[[ Data shown, beginning ]]

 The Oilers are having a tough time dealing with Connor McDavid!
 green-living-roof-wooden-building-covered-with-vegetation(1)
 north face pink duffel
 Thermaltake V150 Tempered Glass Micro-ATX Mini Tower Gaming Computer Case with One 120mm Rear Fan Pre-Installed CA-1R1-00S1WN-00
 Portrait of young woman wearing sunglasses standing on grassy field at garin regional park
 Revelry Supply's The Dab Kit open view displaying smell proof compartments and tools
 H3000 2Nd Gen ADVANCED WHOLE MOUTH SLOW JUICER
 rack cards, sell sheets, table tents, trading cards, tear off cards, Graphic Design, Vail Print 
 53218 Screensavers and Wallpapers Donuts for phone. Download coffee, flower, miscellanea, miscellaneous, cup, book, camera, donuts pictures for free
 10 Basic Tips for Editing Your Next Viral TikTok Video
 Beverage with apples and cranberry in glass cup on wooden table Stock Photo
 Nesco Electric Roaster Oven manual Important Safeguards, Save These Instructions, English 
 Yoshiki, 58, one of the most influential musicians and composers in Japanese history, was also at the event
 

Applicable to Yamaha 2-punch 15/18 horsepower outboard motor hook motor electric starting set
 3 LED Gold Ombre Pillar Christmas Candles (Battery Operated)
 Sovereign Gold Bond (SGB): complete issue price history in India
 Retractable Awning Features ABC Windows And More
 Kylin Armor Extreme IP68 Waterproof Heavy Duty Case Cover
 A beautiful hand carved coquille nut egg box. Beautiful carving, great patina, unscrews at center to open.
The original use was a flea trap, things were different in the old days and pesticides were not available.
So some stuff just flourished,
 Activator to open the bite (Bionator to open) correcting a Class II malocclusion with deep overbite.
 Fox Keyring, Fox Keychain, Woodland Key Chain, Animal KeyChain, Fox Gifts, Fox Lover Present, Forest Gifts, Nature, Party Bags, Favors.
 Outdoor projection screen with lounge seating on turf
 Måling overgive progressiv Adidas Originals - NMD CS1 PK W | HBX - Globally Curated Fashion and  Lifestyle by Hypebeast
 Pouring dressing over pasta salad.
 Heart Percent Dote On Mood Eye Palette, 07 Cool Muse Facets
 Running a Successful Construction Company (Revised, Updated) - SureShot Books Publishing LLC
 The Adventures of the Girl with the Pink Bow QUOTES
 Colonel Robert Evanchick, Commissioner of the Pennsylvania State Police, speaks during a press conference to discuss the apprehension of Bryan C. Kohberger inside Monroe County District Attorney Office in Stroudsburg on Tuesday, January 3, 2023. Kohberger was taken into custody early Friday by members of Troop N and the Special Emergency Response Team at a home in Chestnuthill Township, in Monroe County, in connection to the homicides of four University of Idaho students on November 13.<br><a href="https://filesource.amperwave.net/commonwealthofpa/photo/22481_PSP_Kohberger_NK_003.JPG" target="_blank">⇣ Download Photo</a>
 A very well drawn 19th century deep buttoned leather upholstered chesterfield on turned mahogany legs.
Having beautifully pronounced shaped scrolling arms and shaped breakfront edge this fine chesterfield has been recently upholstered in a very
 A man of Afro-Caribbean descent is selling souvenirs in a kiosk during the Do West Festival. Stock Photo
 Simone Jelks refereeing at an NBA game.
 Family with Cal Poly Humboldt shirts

[[ Data shown, end ]]

=== Problem description ===
Using the listing above, show each line holding the string "very".

=== Answer to this exercise ===
 A very well drawn 19th century deep buttoned leather upholstered chesterfield on turned mahogany legs.
Having beautifully pronounced shaped scrolling arms and shaped breakfront edge this fine chesterfield has been recently upholstered in a very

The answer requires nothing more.